- TASK REQUIREMENTS -
Below is a set of records, and all of them should be retyped exactly, minus the pictures.

- TASK INPUTS -
┌──

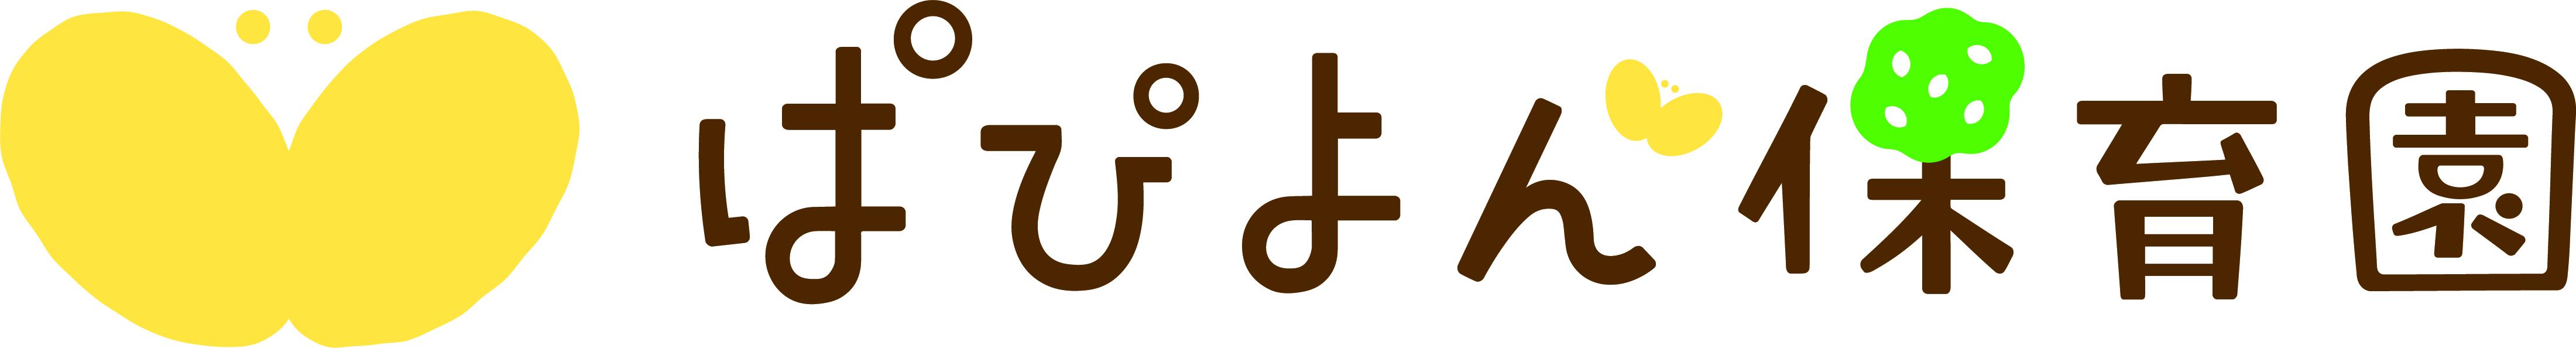 ぱぴよん保育園
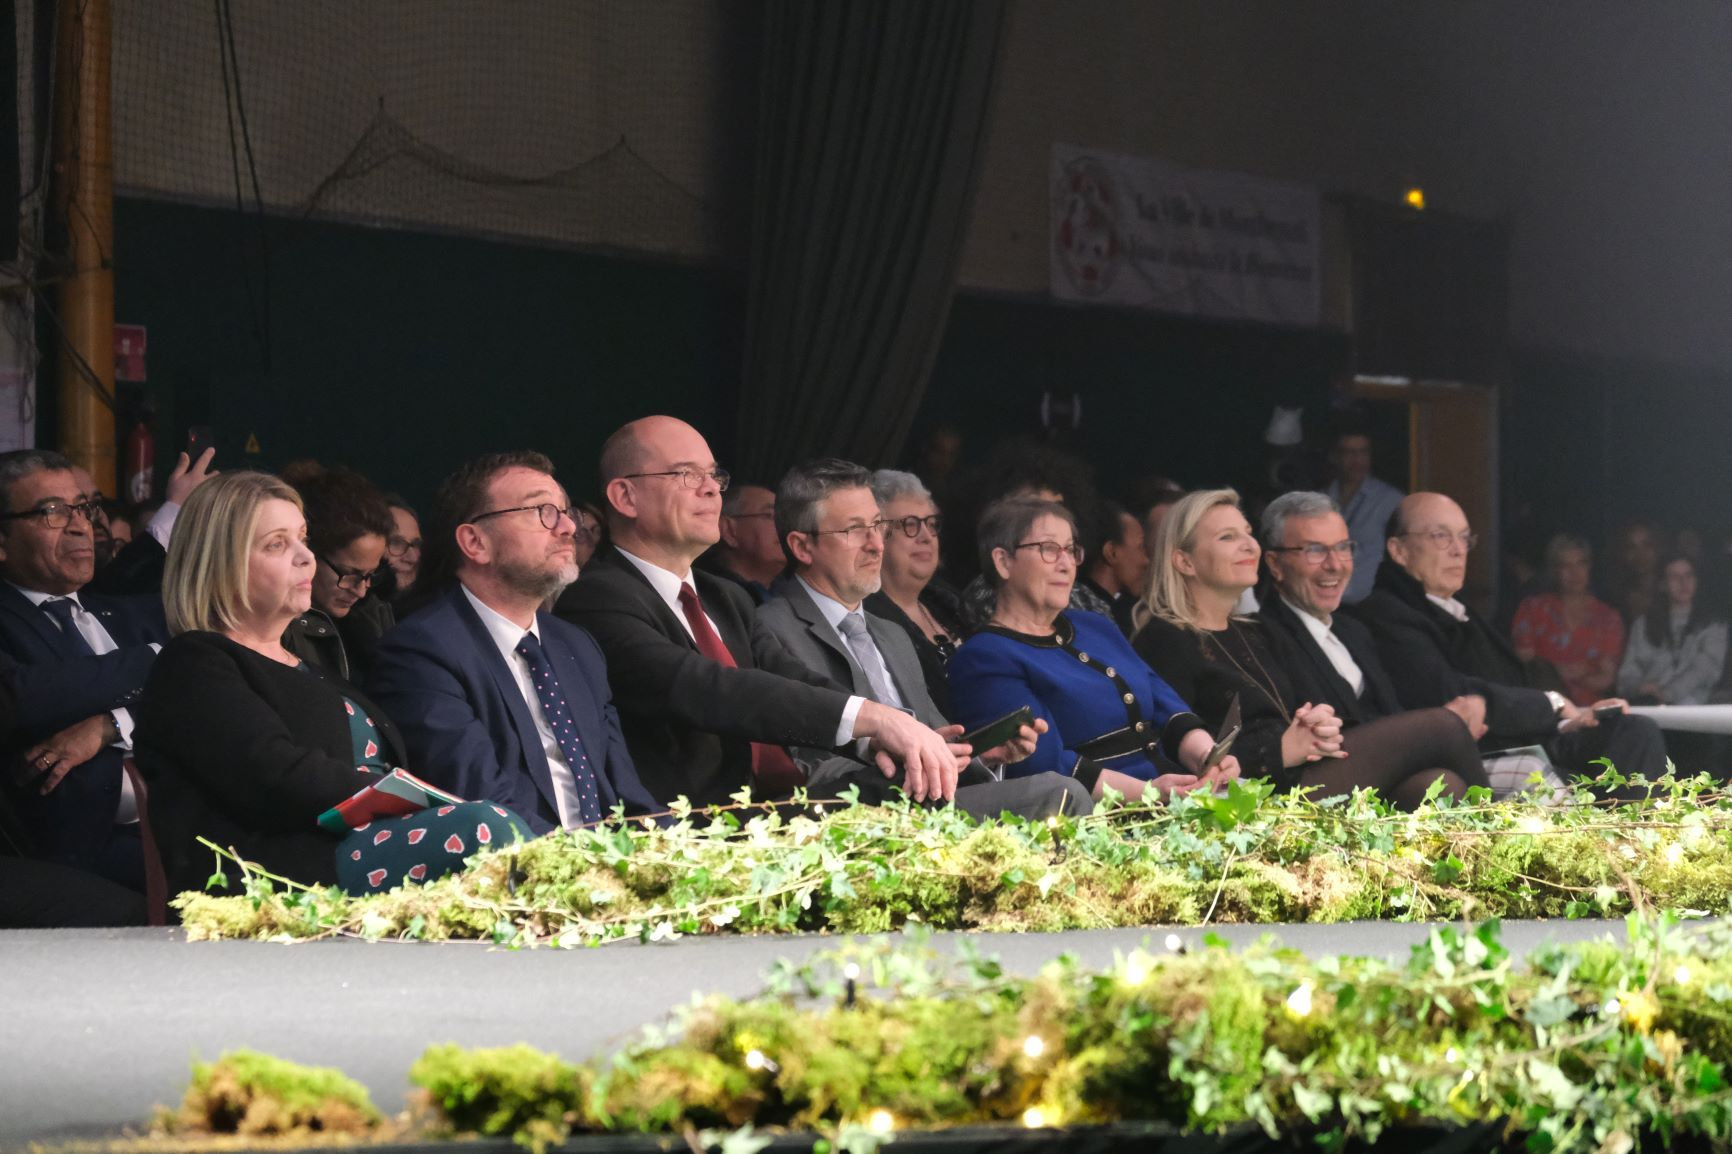 Les officiels en first row autour de Xavier Lemoine
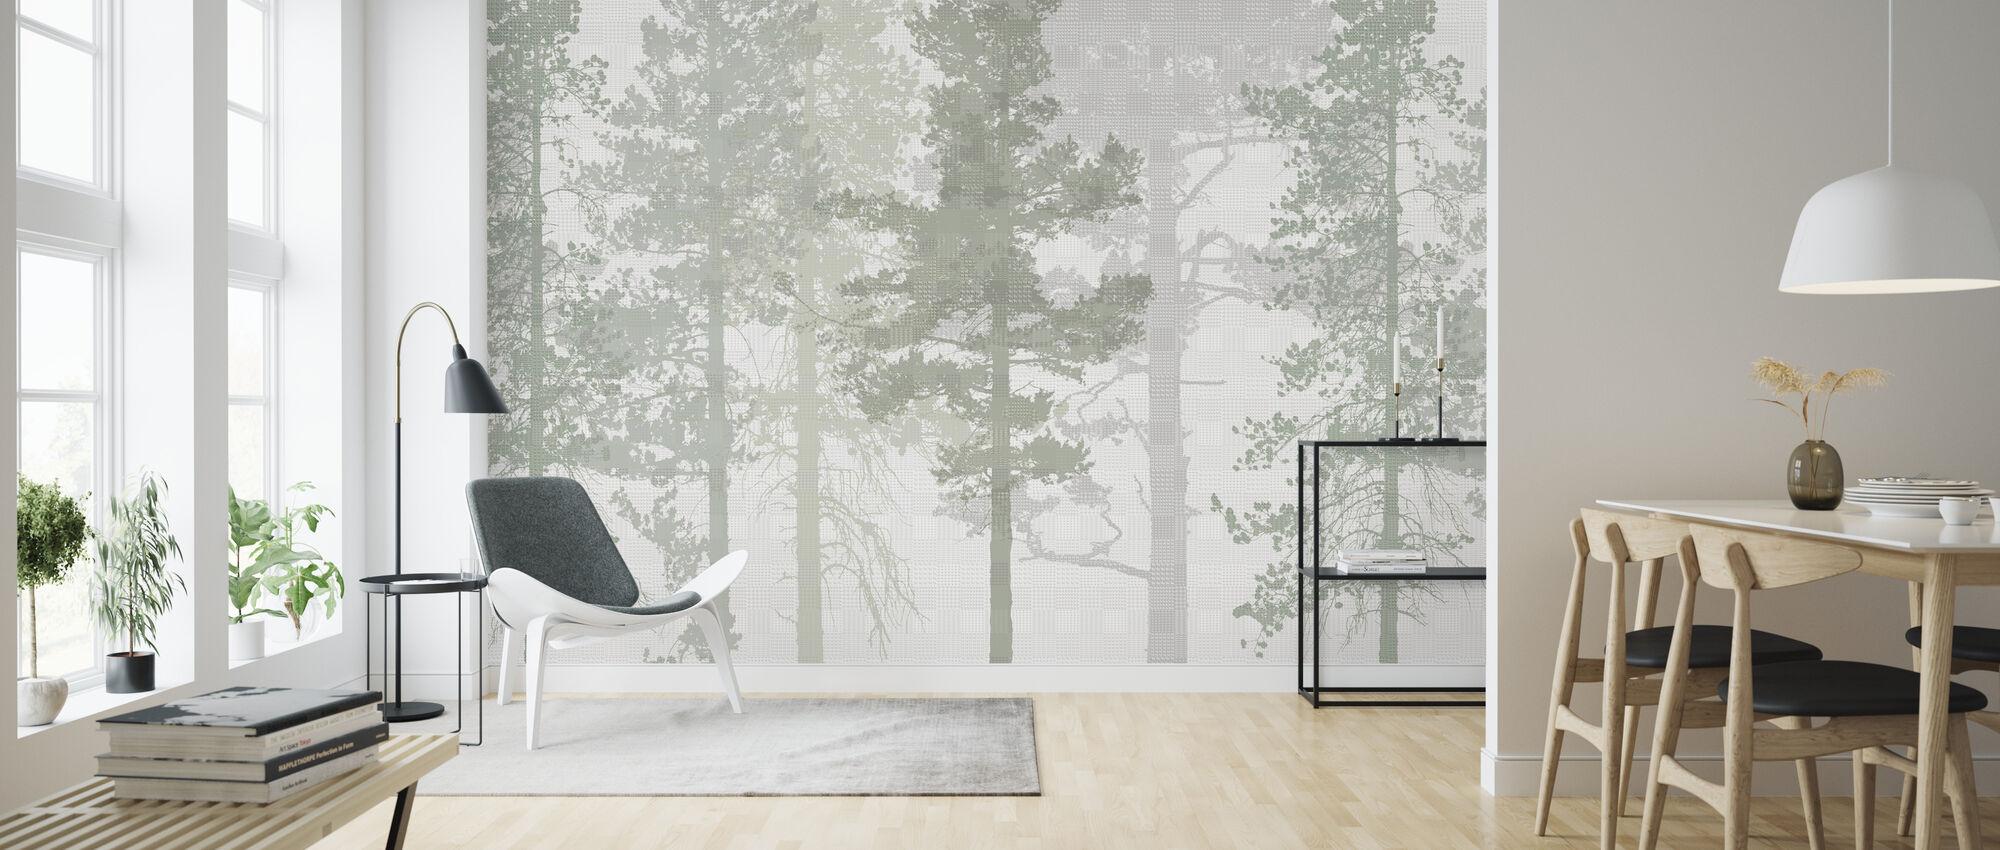 Weaving Wood Cool Green Wall Murals Online Photowall
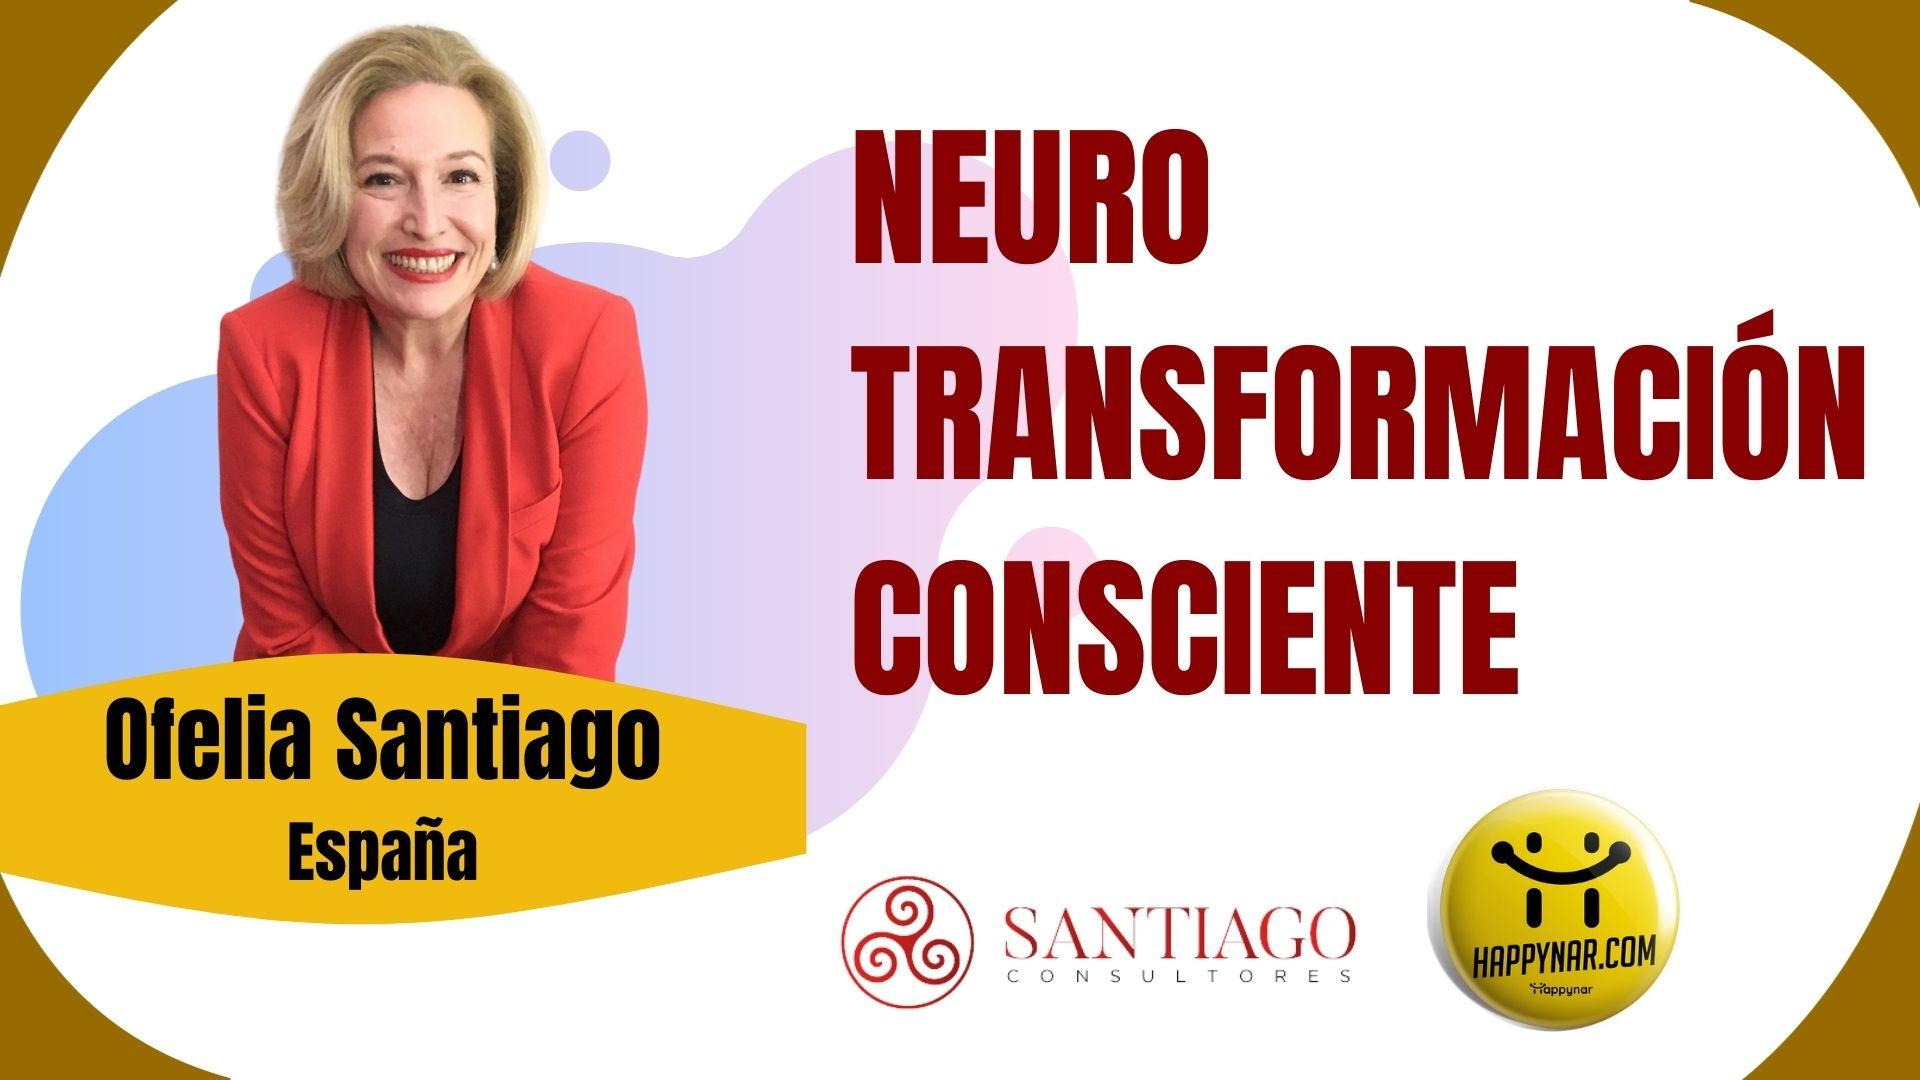 Neurotransformación Consciente
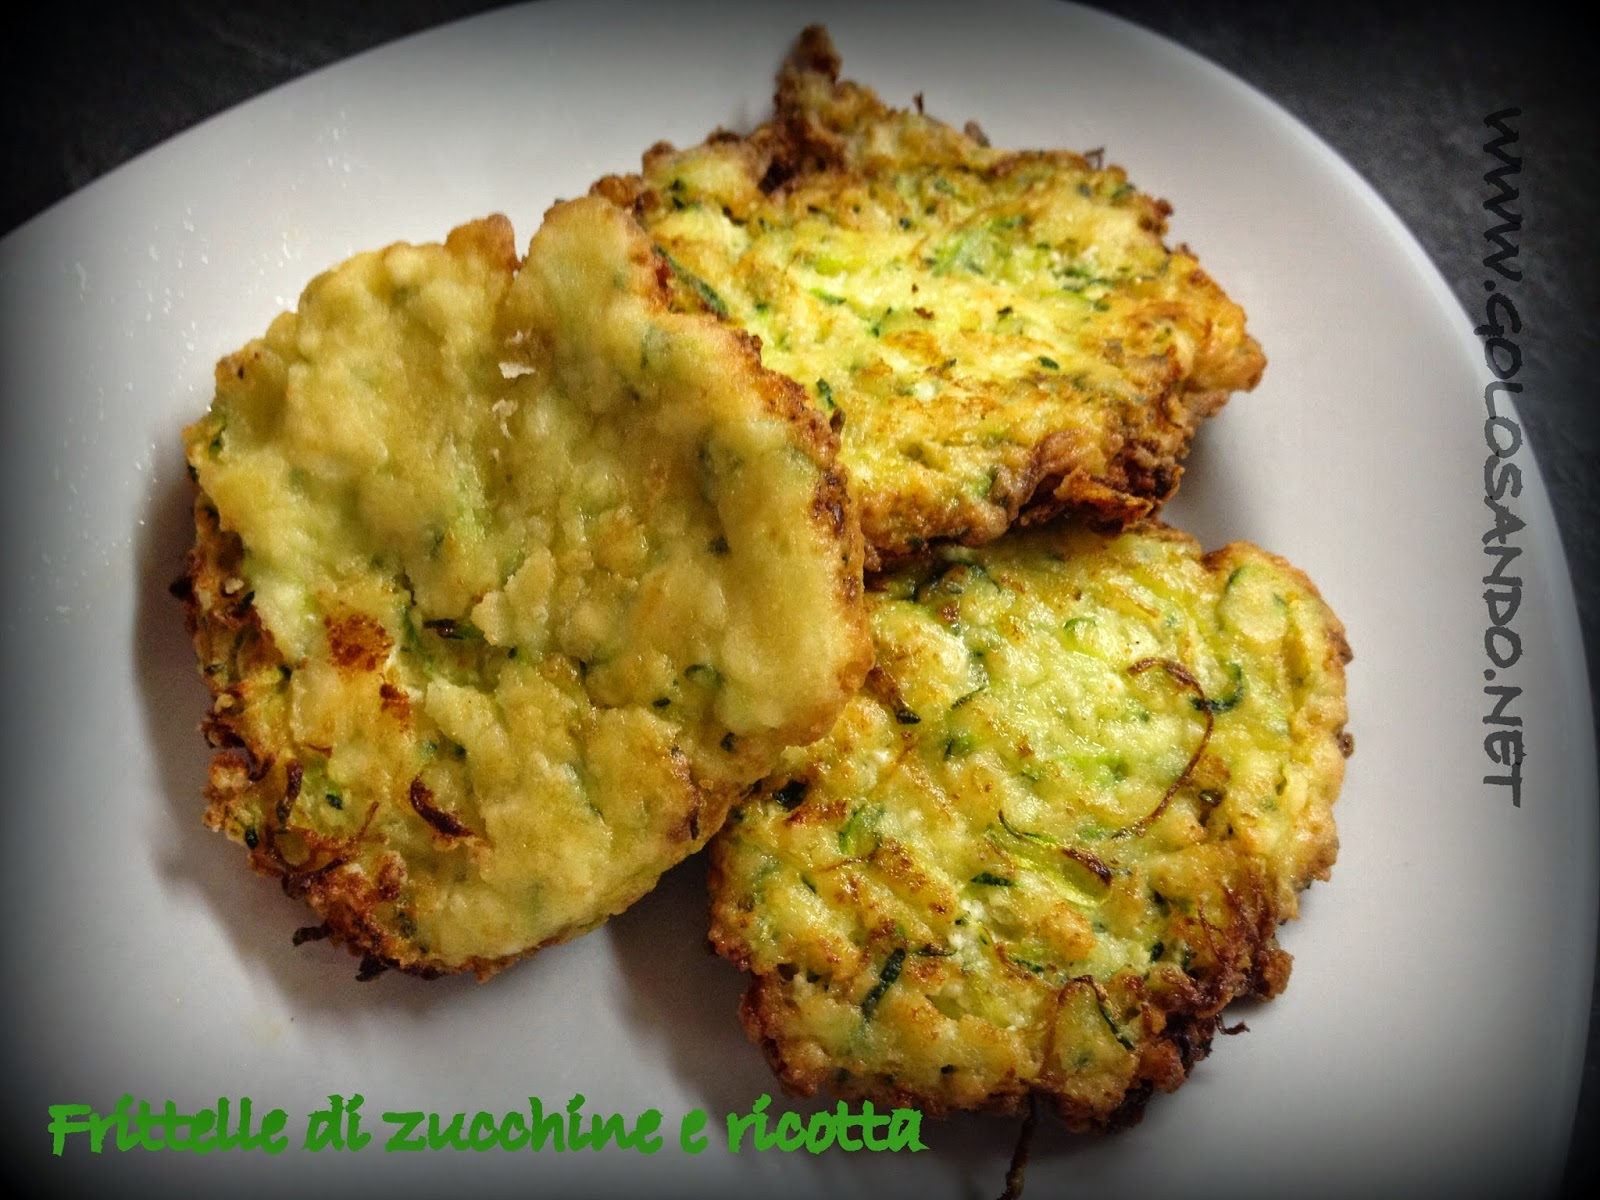 Super Golosandoserenamente!: Frittelle di zucchine e ricotta XE79

└──

- FINISHED EXERCISE -
 ぱぴよん保育園
 Les officiels en first row autour de Xavier Lemoine
 Weaving Wood Cool Green Wall Murals Online Photowall
 Neurotransformación Consciente
 Super Golosandoserenamente!: Frittelle di zucchine e ricotta XE79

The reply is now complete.